Tombouctou, Tombouctou, Tombouctou !
Souffles ...
Ces jours-ci, elle est triste, Tombouctou ! Sous les cris Allah Akbar, les inquisiteurs fanatiques débarquent ! Ils démolissent la mémoire de l’âme. Cassent l’encrier humain ! Nous hommes de lettres, communauté de lecteurs, qui parmi nous, au moins une fois dans sa vie, n’a pas entendu parler de Tombouctou. Qui parmi nous n’a pas lu un petit quelque chose sur Tombouctou, la cité immortelle. Mémorial. Tatouage ! Je parle de notre Tombouctou qui n’a aucun rapport avec une autre “Tombouctou”, celle qui n’est que titre exotique d’un roman sur les chiens, j’aime les chiens, écrit par le célèbre écrivain américain Paul Auster, publié en 1999. Tombouctou, dans la mémoire universelle, est le carrefour des civilisations. Elles débarquaient sur le lieu enfourchant les dos des chameaux ou ceux des chevaux. Elle symbolise le plus grand centre des manuscrits qu’a connu l’histoire de l’humanité. Tous les alcoolivres du monde, des siècles successifs, ont rêvé de franchir les portes magiques de cette ville mystérieuse. Franchir les portes du savoir. Les savoirs ! Tombouctou est une ville ne ressemblant qu’à elle-même, qu’à son miroir ! Unique ! Les pieds dans le sable chaud et prophétique, Tombouctou dormait et se réveillait sur les secrets des trésors impérissables de l’humanité.
Les poètes, les fous du verbe, ceux du nord comme ceux du sud, ont toujours célébré cette cité africaine rivale de l’ancienne Athènes méditerranéenne. Tous les grands globe-trotters littéraires nous ont légué, à propos de Tombouctou, des perles témoignages, des gros volumes gorgés de fascination et d’amour. Ibn Batouta comme Al Bekri ou d’Al Makdissi ou de Léon l’Africain (Hassan El Ouazzane) et d’autres, tous sont tombés amoureux de cette cité énigmatique. Tombouctou fut la Kaaba africaine. Il n’y a pas d’Afrique sans Tombouctou. Elle est plus grande que le Mali. Tombouctou n’est pas un château de sable ! Cette cité africaine ancestrale, à l’image de notre Tamentit située aux portes d’Adrar, était l’espace frétillant où se croisaient, dialoguaient, conversaient toutes les cultures, toutes les religions : monothéistes, polythéistes et athéistes. Dans cette ville, Tolède d’Afrique, on parlait le haoussa, le tamasheq, l’arabe, le souahili, le habachi, somali, l’hébreu et d’autres…
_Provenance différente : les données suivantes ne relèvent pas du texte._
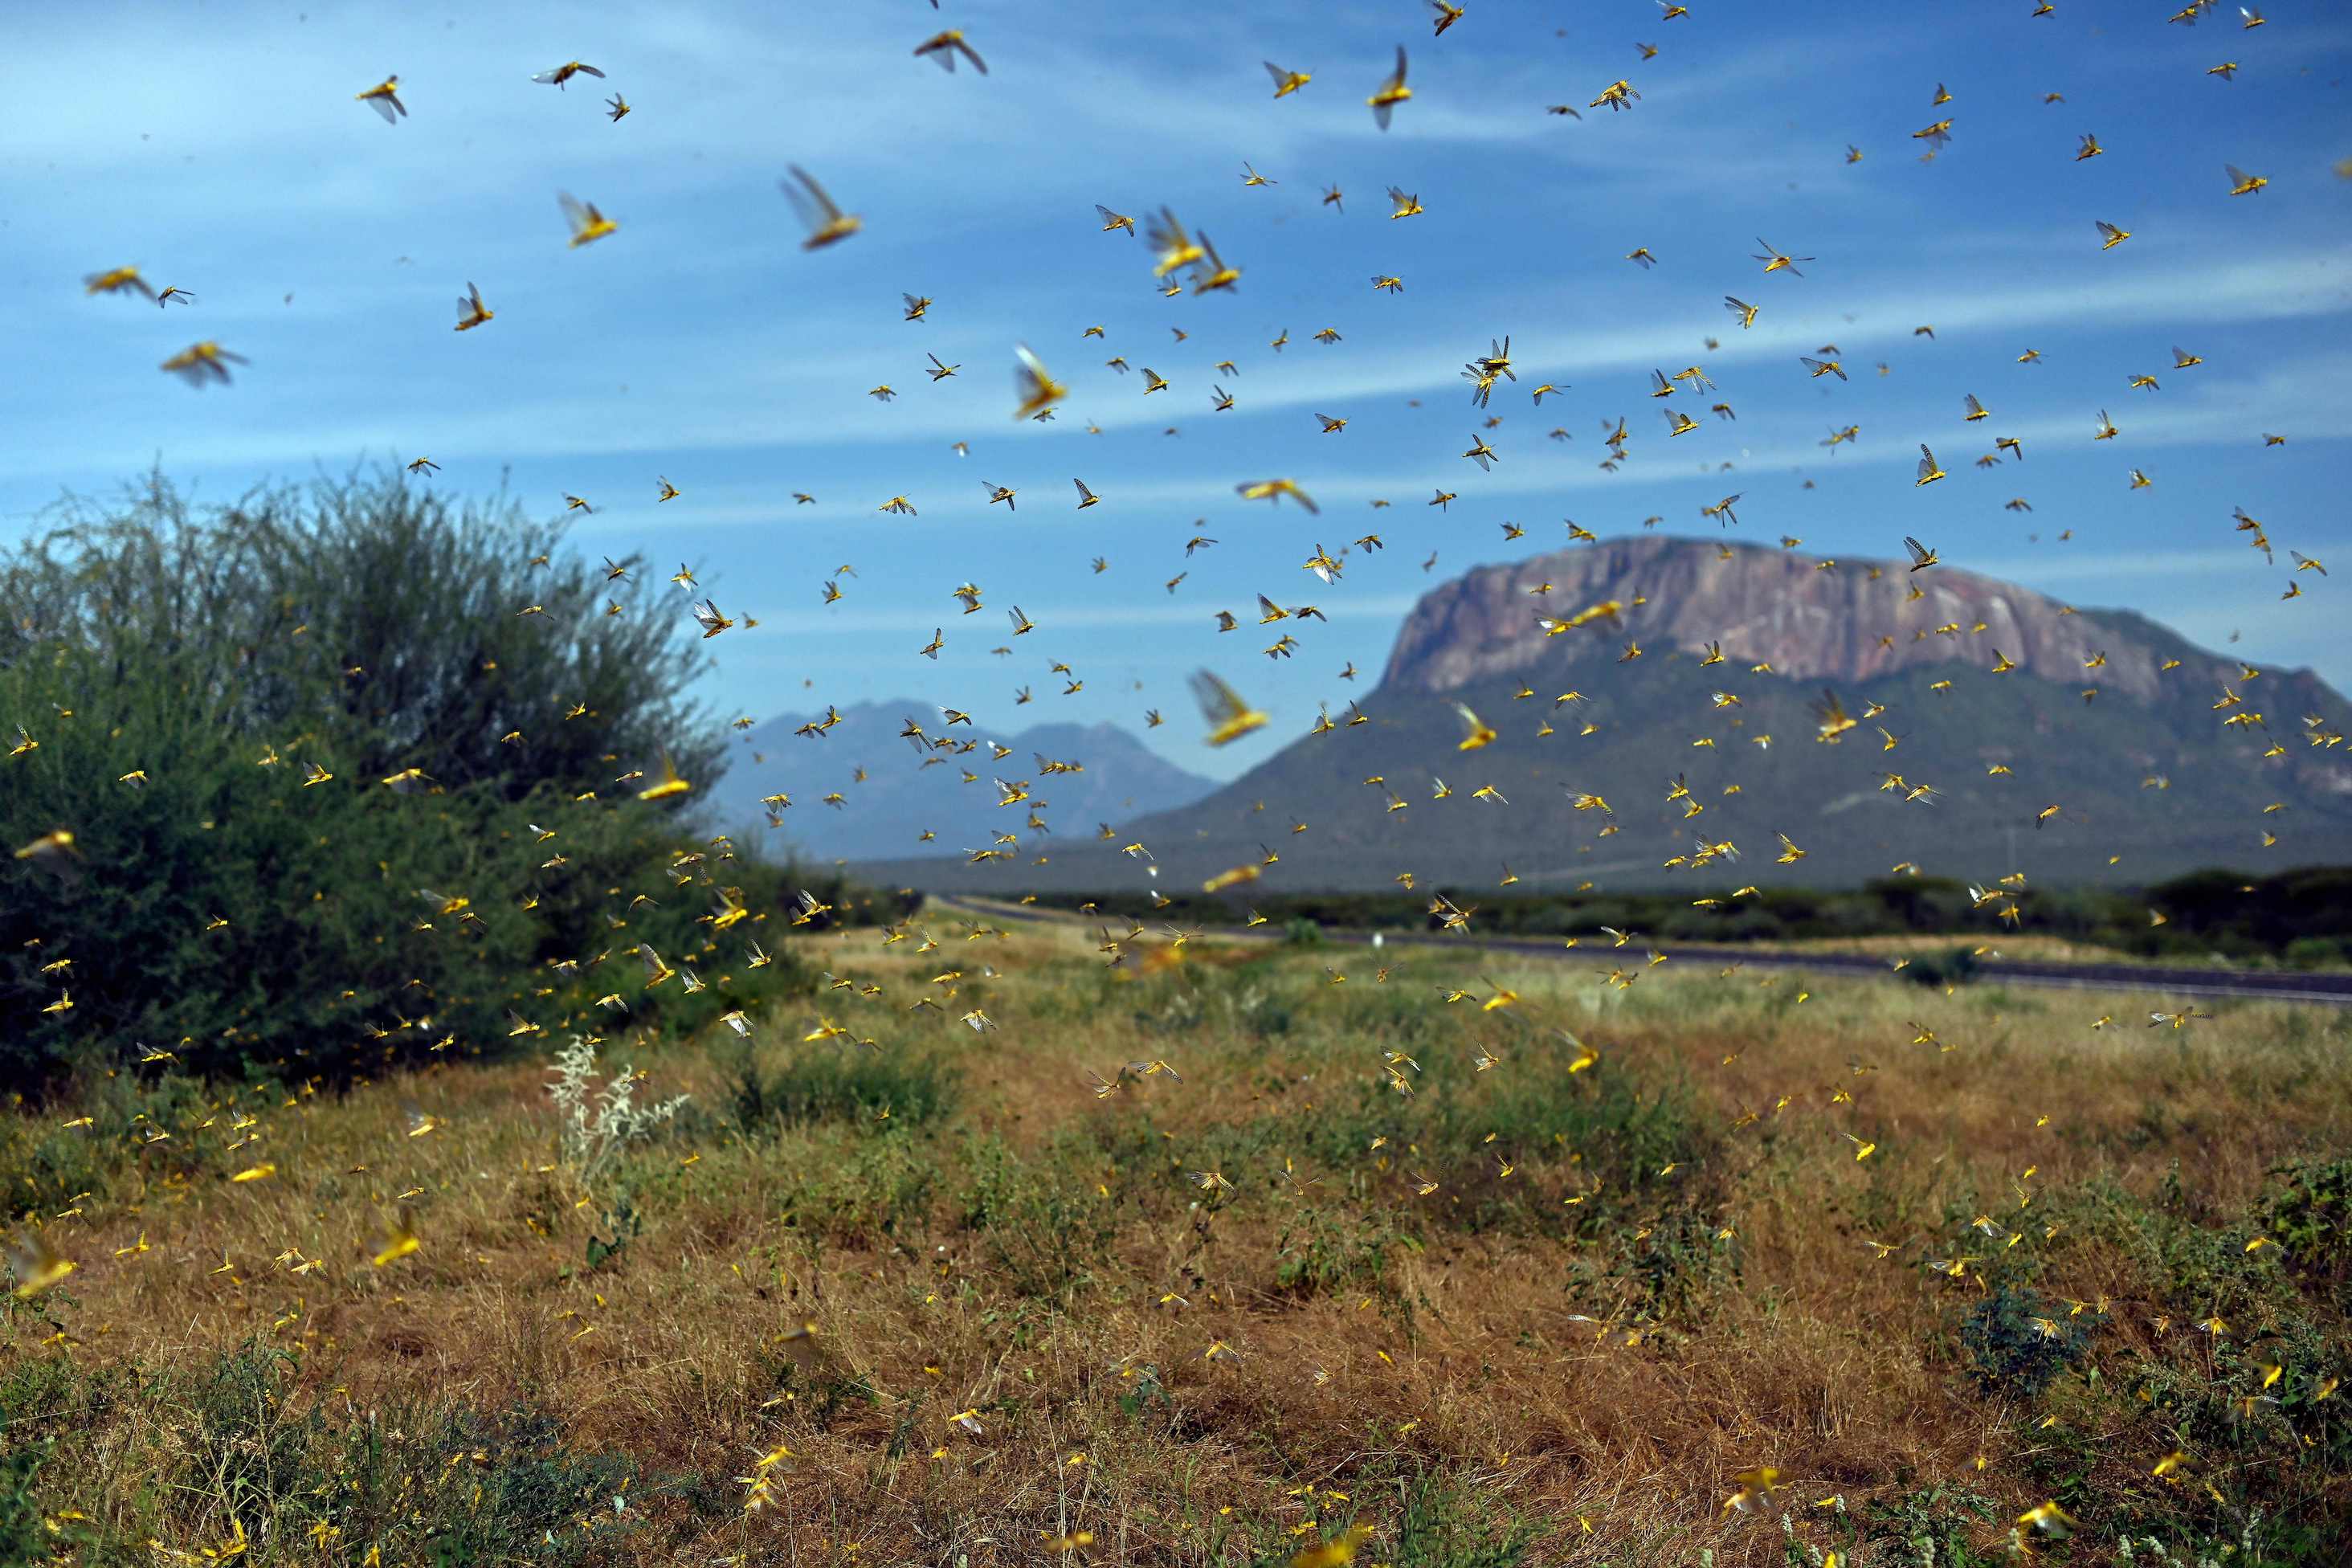 Image of locusts swarming in the Samburu area of Kenya

Aujourd’hui, de Tokyo jusqu’à Dakar, de Tananarive à Caracas, tous les alcoolivres du monde sont tristes, abattus. Le paradis des manuscrits est brûlé ! Immolation, le feu est mis dans l’éden ! Tombouctou tombe entre les mains des fanatiques, des intégristes islamistes. Les inquisiteurs ! C’est tout un patrimoine universel qui s’écroule, qui s’en va. Le rêve cauchemardesque habite la nuit africaine ! Une mémoire s’éteint. J’imagine Ibn Batouta, se retourne dans sa tombe. Et Hassan El Ouazzane ou Leo Africanus, peu importe l’appellation, revoit, corrige son itinéraire et les détails de son voyage. Les milliers de caravanes changent leurs orientations, rebroussent leurs chemins. Tombouctou cité située sur les frontières entre le réel et l’imaginaire perd ses langues, ôte son image et son imaginaire. Les alcoolivres ont peur, liseurs et vendeurs comme acquéreurs des manuscrits, qui jadis arrivaient des quatre coins du monde pour s’installer dans cette légendaire cité. Il n’y a plus d’odeur d’encres. Tombouctou, Tombouctou, Tombouctou, on sent la mort et la trahison, mes chers alcoolivres.